Note: change the file paths as needed.

Other options that can be used for obtaining the full taxonomy include the R package taxonomizr or the R package worrms. For the latter, the user should note that this tool uses the scientific name instead of the taxon ID to retrieve tha accepted taxonomy from WoRMS, which may require some data cleaning before application.

Assign taxonomy based on best hits

For this section we will need additional packages:

library(tidyr)
library(ulrb)
library(purrr)

The raw blast results include all the hits. Therefore, we need to apply multiple filters to obtain the best hits. To do so, we go back to R.

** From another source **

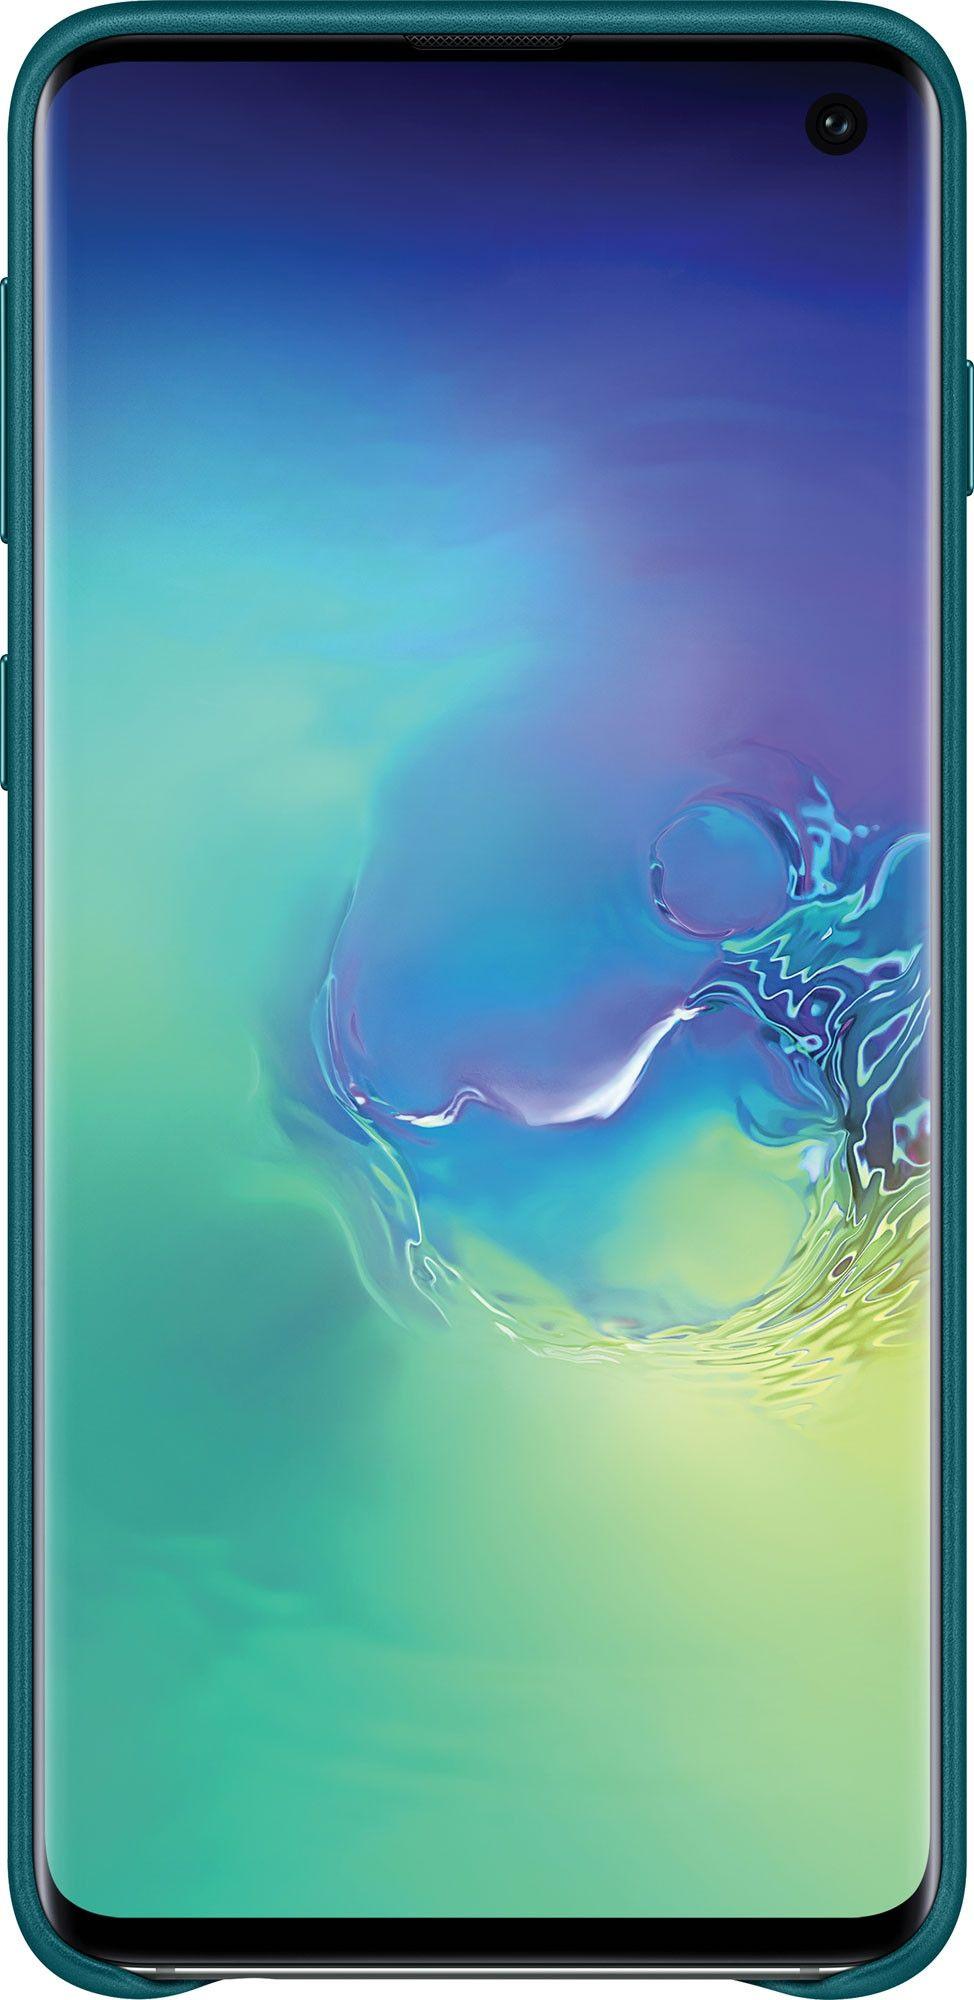 Панель Samsung Leather Cover для Samsung Galaxy S10 (EF-VG973LGEGRU) Green от Територія твоєї техніки - 3

Start by loading the blast results into your R session:

# Load blast results
all_hits <- read.table("./results/blast_tax_results", header = FALSE, sep = "\t", # change file path as needed
                     col.names = c("Query accession", "Query sequence length",
                                   "Subject seq-id",    "Subject accession",
                                   "Subject sequence length",   "evalue", "Bit Score",
                                   "Raw Score", "Alignment length", "Percentage of identical matches",
                                   "Number of identical matches",   "Number of mismatches",
                                   "Number of positive scoring matches", "Total number of gaps",
                                   "Taxonomy ID", "Scientific name",    "Subject blast name", "Subject common name",
                                   "Domain", "Phylum", "Class", "Order", "Family", "Genus", "Species"))

Add ban list (optional)

Considering the length of the reads used to classify taxonomy, and considering the high similarity between some species within the same families, it is possible to have a sequence attributed to multiple different species. However, based on the study area, it might be possible to know beforehand that some species are not present in the area. Thus, in those specific situations, to improve the accuracy of the classification, we can remove them, using a ban list. Note that this is optional and should be carefully considered by the user, to avoid introducing bias in the analysis.

If you want to apply a ban list, you must edit the file ban_list.txt, according to your own experimental setup. If you have no prior knowledge of the species expected in the area, then you should not apply this step.

# Ban list
ban_list <- read.table("./refs/ban_list.txt", header = FALSE) %>% 
  rename(Genus = V1,
         Species = V2) %>% 
  mutate(binomial_name = paste(Genus, Species)) %>% 
  pull(binomial_name)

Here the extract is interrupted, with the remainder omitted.